Reputation: 2188

LSH Libraries in Java

I'm looking for a lightweight Java library that supports Nearest Neighbor Searches by Locality Sensitive Hashing for nearly equally distributed data in a high dimensional (in my case 32) dataset with some hundreds of thousands data points.

It's totally good enough to get all entries in a bucket for a query. Which ones i really need could then be processed in a different way under consideration of some filter parameters my problem include.

I already found likelike but hope that there is something a bit smaller and without need of any other tools (like Apache Hadoop in the case of likelike).

Upvotes: 22

Answers (5)

Raman

Reputation: 19585

Apache Spark has an LSH implementation: https://spark.apache.org/docs/2.1.0/ml-features.html#locality-sensitive-hashing (API).

After having played with both the tdebatty and TarsosLSH implementations, I'll likely use Spark, as it supports sparse vectors as input. The tdebatty requires a non-sparse array of booleans or int's, and the TarsosLSH Vector implementation is a non-sparse array of doubles. This severely limits the number of dimensions one can reasonably support.

This page provides links to more projects, as well as related papers and information: https://janzhou.org/lsh/.

Upvotes: 2

nilsi

Reputation: 10761

Maybe this one:

"TarsosLSH is a Java library implementing Locality-sensitive Hashing (LSH), a practical nearest neighbour search algorithm for multidimensional vectors that operates in sublinear time. It supports several Locality Sensitive Hashing (LSH) families: the Euclidean hash family (L2), city block hash family (L1) and cosine hash family. The library tries to hit the sweet spot between being capable enough to get real tasks done, and compact enough to serve as a demonstration on how LSH works."

Code can be found here

Upvotes: 5

Has QUIT--Anony-Mousse

Reputation: 77454

The ELKI data mining framework comes with an LSH index. It can be used with most algorithms included (anything that uses range or nn searches) and sometimes works very well.

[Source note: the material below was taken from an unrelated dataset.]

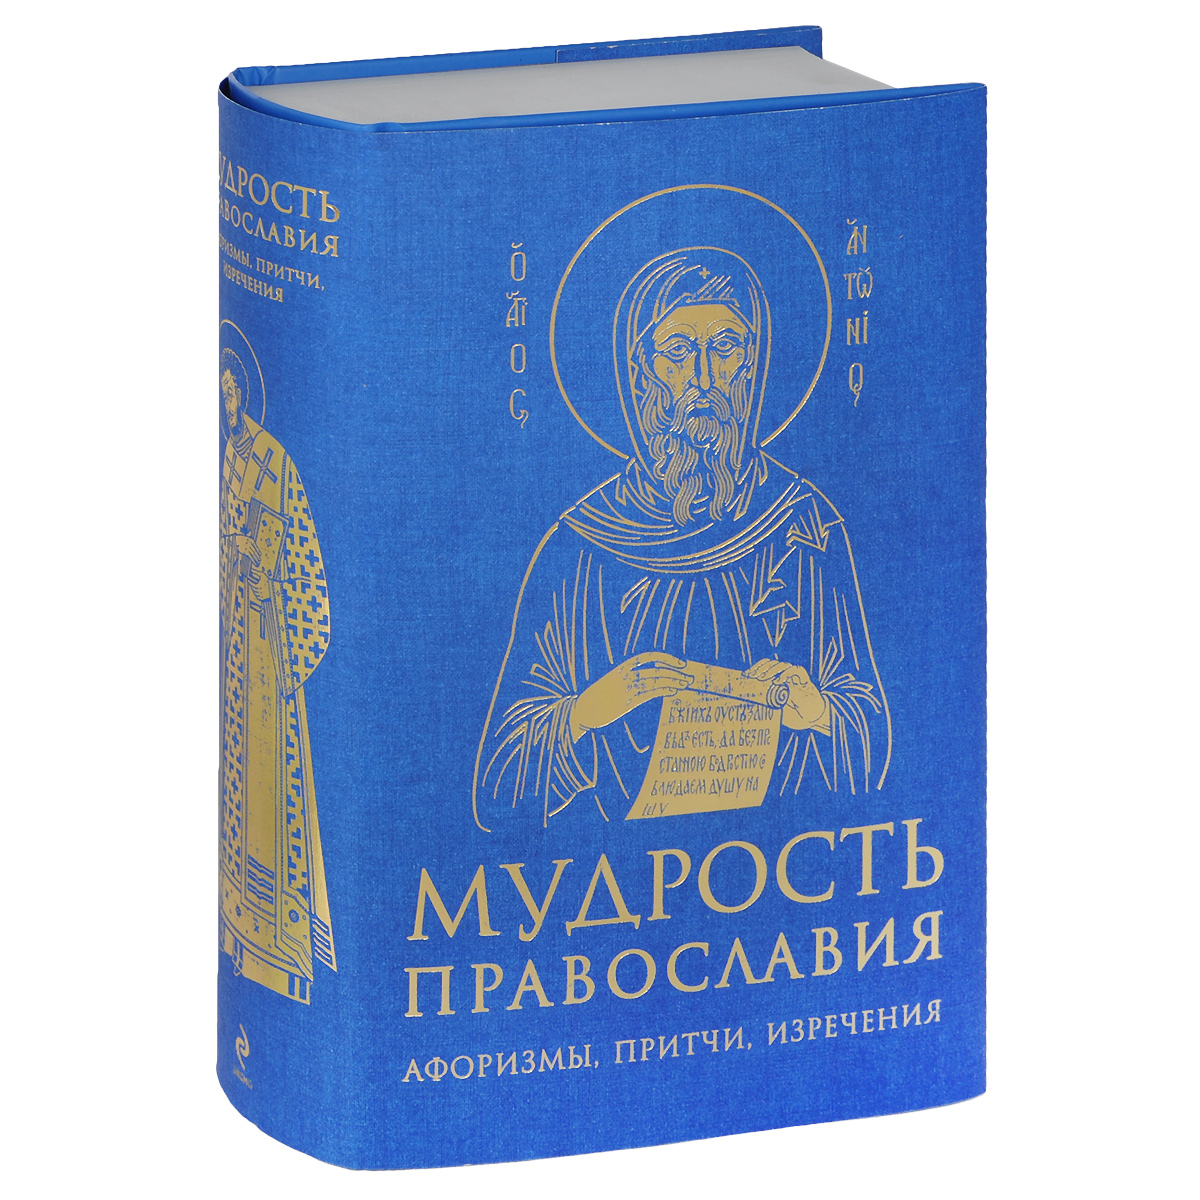 Мудрость православия. Афоризмы, притчи, изречения

In other cases, LSH doesn't seem to be a good approach. It can be quite tricky to get the LSH parameters right: if you choose some parameters too high, runtime grows a lot (all the way to a linear scan). If you choose them too low, the index becomes too approximative and loses to many neighbors.

It's probably the biggest challenge with LSH: finding good parameters, that yield the desired speedup and getting a good enough accuracy out of the index...

Upvotes: 1